At approximately 9:42PM on September 11, 2012, 150 Ansar al-Sharia militants launched an attack on the compound, throwing grenades over the walls and entering the premises with handheld firearms, automatic weapons and RPGs.
Immediately, a DSS agent grabbed Stevens and US Foreign Service Information Management Officer Sean Patrick Smith and secured them in a safe haven within the building. Unable to enter the room, the militants poured diesel fuel around the entrance and set it ablaze. While the DSS agent was able to escape, Smith and Stevens didn’t survive.
Two attacks on the the Annex
The Global Response Staff team began making their way to the diplomatic compound and attempted to put a stop to the attack. On their way back to the Annex, their armored vehicle fell victim to enemy AK-47 fire, and while it managed to make it back, it suffered two flat tires.
Not long after they were safely back at the Annex, the GRS team came under mortar, machine gun and rocket fire. They were able to hold off the attack until just after 5:00AM the next morning, at which point the rocket and mortar fire increased. Glen Doherty and Tyrone Woods died as a result of the enemy action.
When the attack subsided, four US nationals had died – Woods, Doherty, J. Christopher Stevens and Sean Patrick Smith. Their bodies were transported to Benina International Airport and flown to Tripoli, after which they were taken to Ramstein Air Base, Germany aboard a Boeing C-17 Globemaster III. They were subsequently returned to the US, where a service was held at Joint Base Andrews, Maryland.
An additional 30 US personnel were evacuated from Benghazi, with all non-essential workers being flown out of Libya altogether. Those needed in the country were moved to Tripoli. It was later discovered that a number of sensitive documents were missing, including lists of American officials in Libya and oil contracts.
US response to the 2012 Benghazi attack
Immediately following the 2012 Benghazi attack, security at American diplomatic centers was increased. The Libyan government condemned the militants’ actions and began steps to disband the country’s militias. On top of this, tens of thousands of Libyan civilians marched through Benghazi to denounce the attack and Ansar al-Sharia.
Upon hearing about the incident, US President Barack Obama issued a number of statements, saying, “The United States condemns in the strongest terms this outrageous and shocking attack […] No acts of terror will ever shake the resolve of this nation.”
A number of government investigations were held into the attack. At first, it was believed it was the result of a video that poked fun at Islam. However, the investigations found it had been planned. They also concluded there were several bureaucratic failures that led to the US being ill-prepared to prevent and respond to such an assault.
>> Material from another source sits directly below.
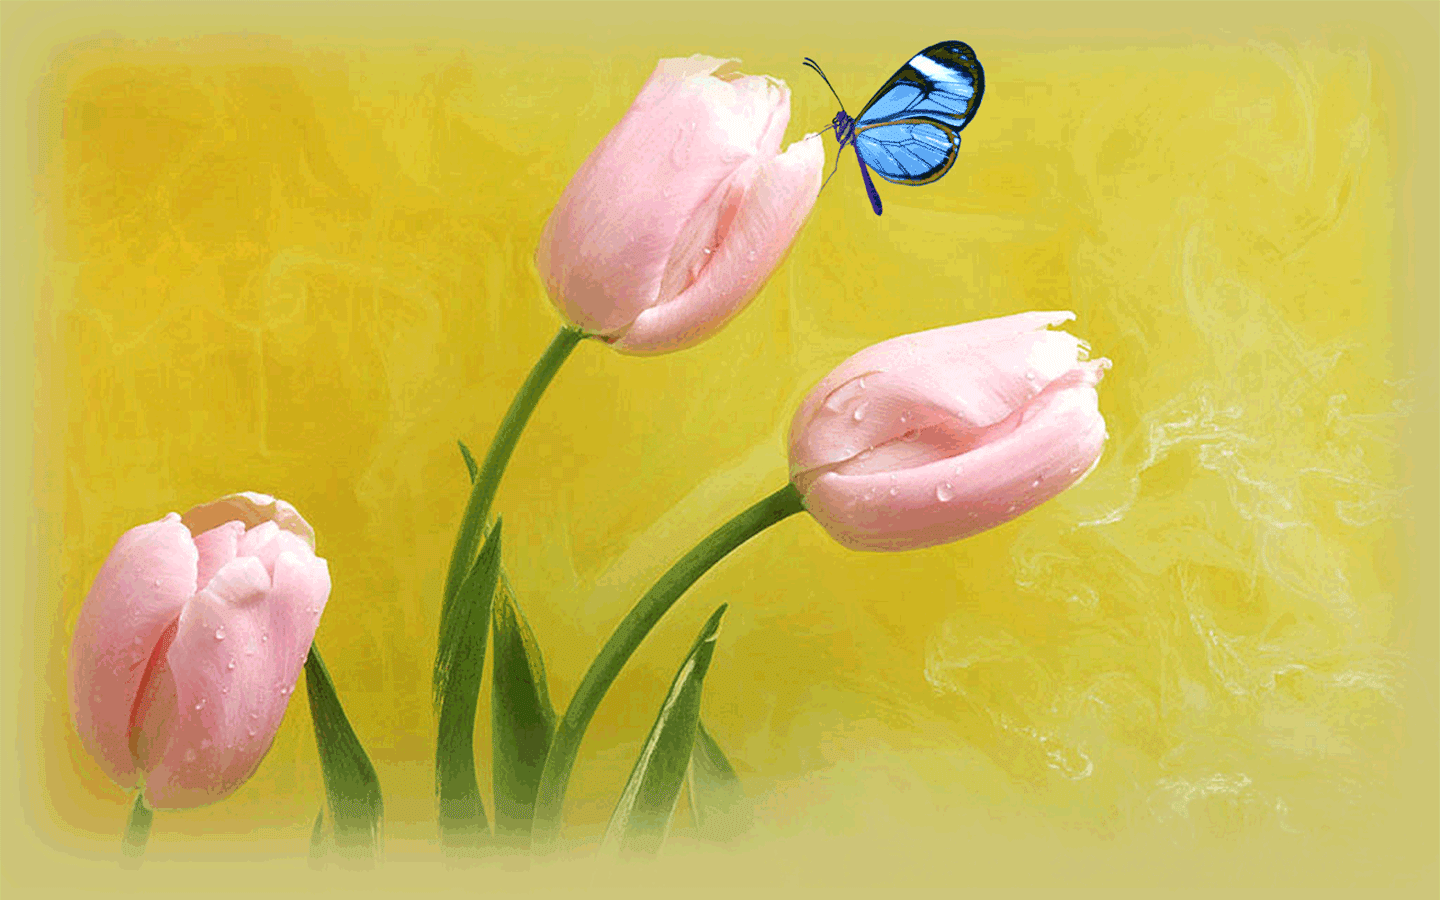 美丽的蝴蝶与花朵动态壁纸下载美丽的蝴蝶与花朵动态壁纸下载,壁纸上

Just under a year after the attack on the diplomatic compound, criminal charges were filed against those involved, including Ahmed Abu Khattala, the militia leader. He was captured the following year through a joint effort by the FBI and US Army Special Forces. As well, in January 2014, the US government named Ansar al-Sharia a terrorist organization.
Just over a decade after the 2012 Benghazi attack, US President Joe Biden signed into law H.R. 310, which posthumously awarded the Congressional Gold Medal to Tyrone Woods, J. Christopher Stevens, Glen Doherty and Sean Patrick Smith.
What did 13 Hours: The Secret Soldiers of Benghazi get wrong?
As aforementioned, 13 Hours: The Secret Soldiers of Benghazi was criticized for taking historical liberties when it came to the 2012 attack.
Many Libyans were angered by how the film failed to present the efforts of civilians and the country’s forces in attempting to save J. Christopher Stevens. As well, it incorrectly stated that airborne assistance had been denied to the Global Response Staff team. In reality, it was found that such support was either unavailable or wouldn’t have shown up in time to have made a difference.
The part of the film that caused the most controversy was the insinuation that the CIA chief in Benghazi had told the GRS team to stand down when they asked permission to fight the militants at the US diplomatic compound. While the real-life chief later came out and said that he hadn’t actually denied the men their chance to assist, multiple sources have since refuted this claim, leaving the entire situation muddled.